As a child, Busa grew up in a household filled with jazz and soul music and began singing at 5 during family gatherings, though his parents discouraged him from pursuing music as a career.

In 2011, Busa obtained his bachelor's degree in hotel, restaurant and institutional management at De La Salle - College of Saint Benilde.

==Career==
In 2015, Busa joined To the Top, GMA Network's talent search for their newest boy band, where he made it to the grand finals.
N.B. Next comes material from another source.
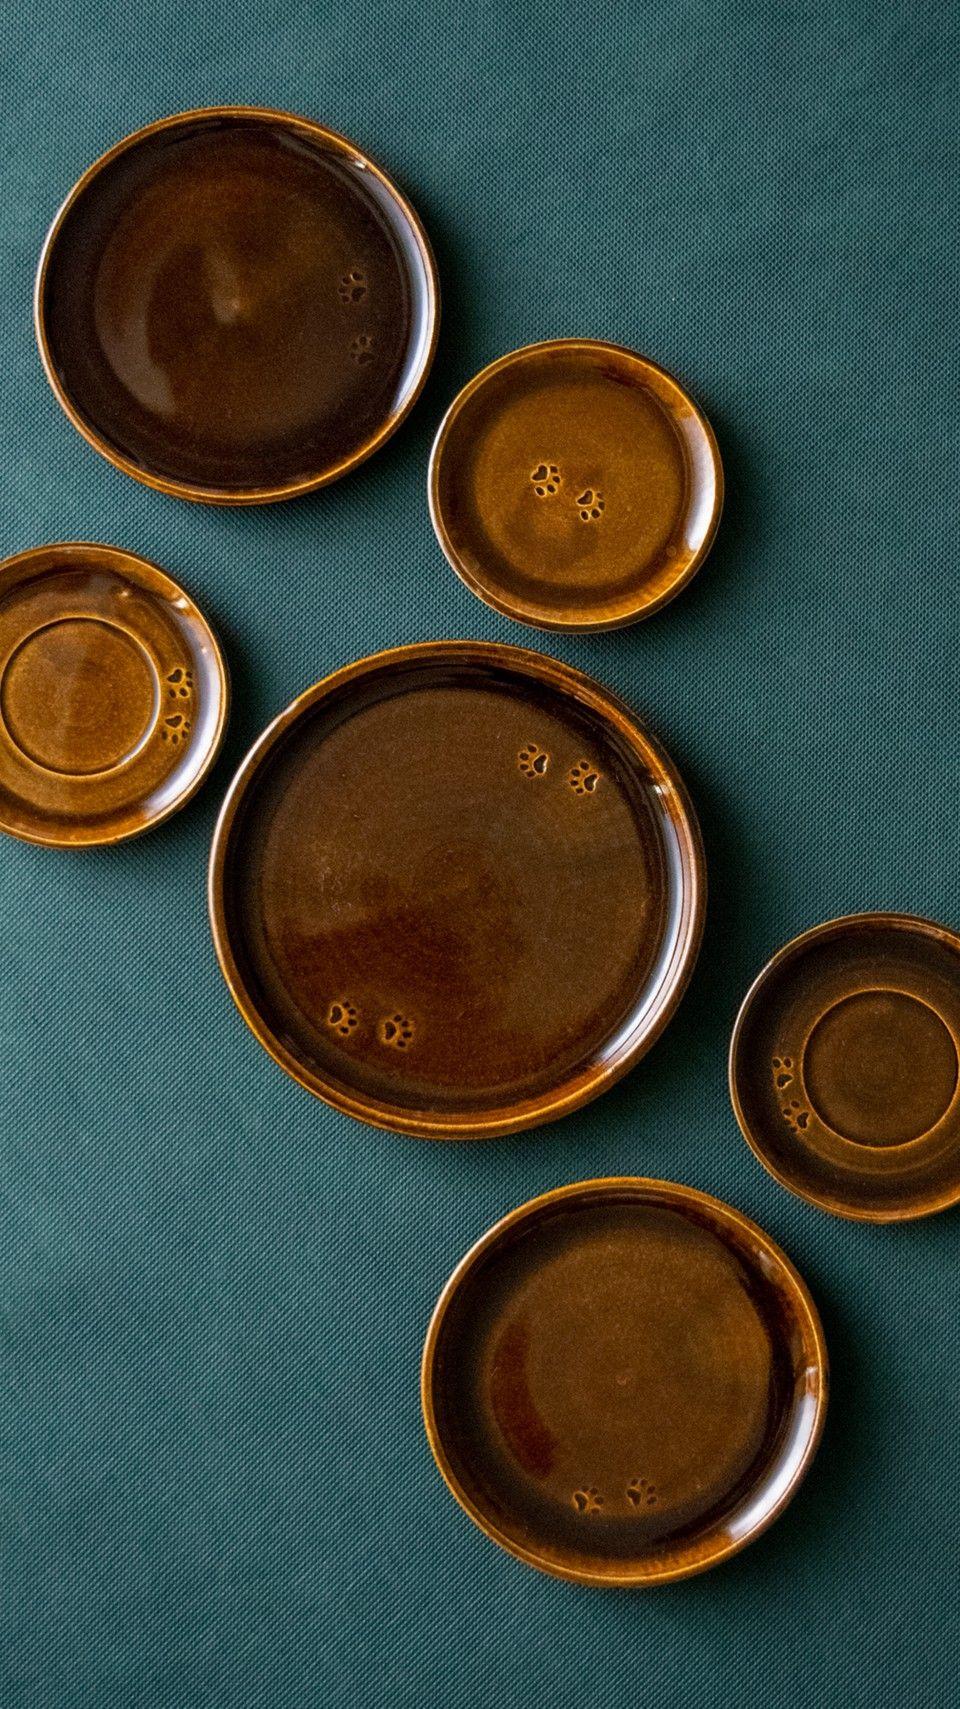 #handmadeceramics #pottery #poterie #keramik #clayart  #kitchenaccessories #handmade #wheelthrown #potteryplates #ceramics #ceramiclove   #instapottery #homeaccents #gres #claylove #kitchenware #cadeauorginal #gosha_ceramics #tableware #céramique #homedecor #decorationmaison  #ilovepottery #assiettes #potterylover #homedecor  #giftidea #interiordeco #funcionalpottery #brownplates

He received another opportunity with the company and had an acting contract with them for two years that did not include singing; he felt as if he were "left in the dark." Sometime after the competition, comedian Arnell Ignacio discovered one of Busa's karaoke videos on Facebook and began mentoring him at a time that he had become discouraged with the loss and without support from his parents.

In 2016, Busa played the role of Mocha, a guest character in GMA Network's TV series entitled Sa Piling ni Nanay starring Mark Herras, Katrina Halili and Yasmien Kurdi.

Busa's story of early discouragement and mentorship resurfaced when he auditioned for an international singing competition entitled Bolt of Talent in 2017, catching Michael Bolton's attention with its similarity to his own story. Busa went on to win as the grand champion in the finale held in Malaysia.

In 2019, Busa auditioned for Idol Philippines (the third incarnation of Philippine franchise of Idol) on ABS-CBN, where he sang "What You Won't Do For Love" by Bobby Caldwell. He finished as one of the top 3 finalists in the first season.